Given an axis aligned 3D rectangle with vertex (x₁, y₁, z₁) and opposite vertex (x₂, y₂, z₂), how do I find the shortest distance between a point inside the prism and the surface of the prism?

Answer 1

It sounds as if you're describing a prism whose set of vertices is $$\{x_1,x_2\}\times\{y_1,y_2\}\times\{z_1,z_2\}.$$ Put another way, the vertices are the eight points $(x,y,z)$ such that $x=x_i,$ $y=y_j,$ and $z=z_k$ for some $i,j,k$ chosen from the set $\{1,2\}.$ I assume further that $x_1\neq x_2,$ $y_1\neq y_2,$ and $z_1\neq z_2,$ or there will be no "inside" to speak of.

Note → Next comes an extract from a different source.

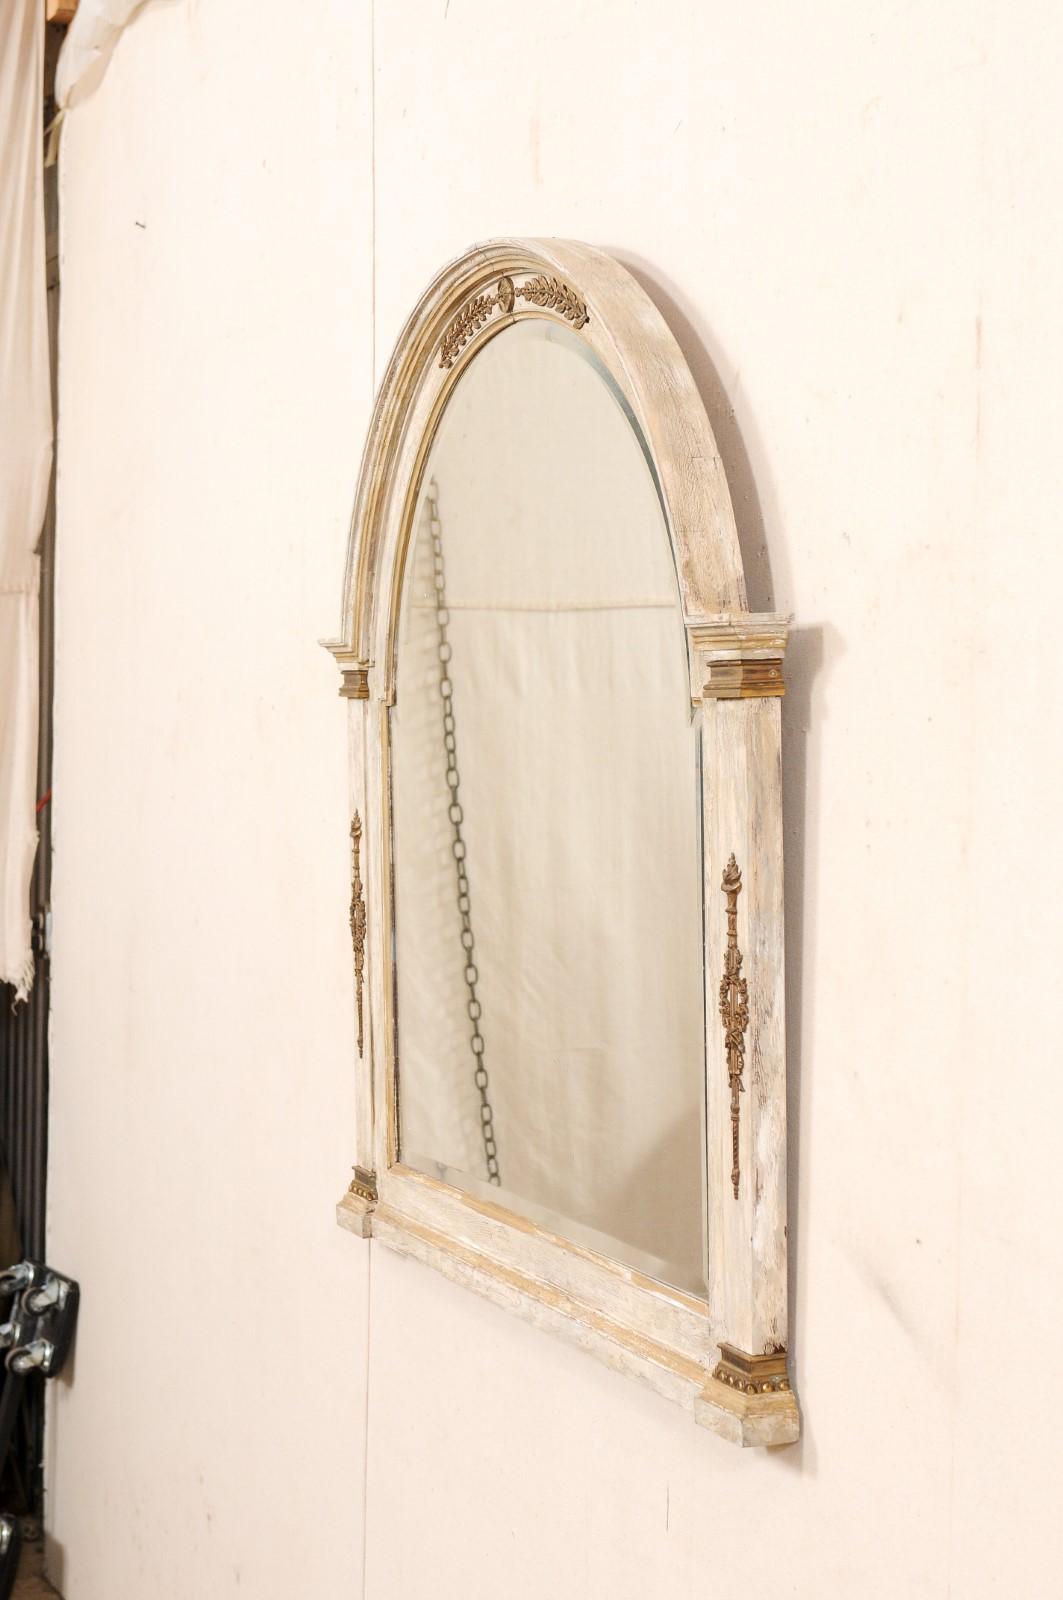 Early 20th C. French Painted Wood Mirror, Arched with Column Sides (3.5 Ft Tall) For Sale 1

If that's correct, then its faces are rectangles in one of the six following planes:

1. $x=x_1,$
2. $x=x_2,$
3. $y=y_1,$
4. $y=y_2,$
5. $z=z_1,$
6. $z=z_2.$

Choosing an arbitrary point $(x,y,z)$ inside the prism, the distance to the surface will necessarily be along a line segment from $(x,y,z)$ to the nearest face (or one of the nearest faces, in case of a tie), and so to (one of) the nearest of the six planes above. Such a line segment will be orthogonal to said plane, so for example, the line segment orthogonal to plane number 5 goes from $(x,y,z)$ to $(x,y,z_1),$ so the distance to that plane is $|z-z_1|.$

Thus, to determine the shortest distance to the surface of the prism, we need only determine the shortest distance to one of the six planes from $(x,y,z),$ that is: $$\min\bigl(|x-x_1|,|x-x_2|,|y-y_1|,|y-y_2|,|z-z_1|,|z-z_2|\bigr).$$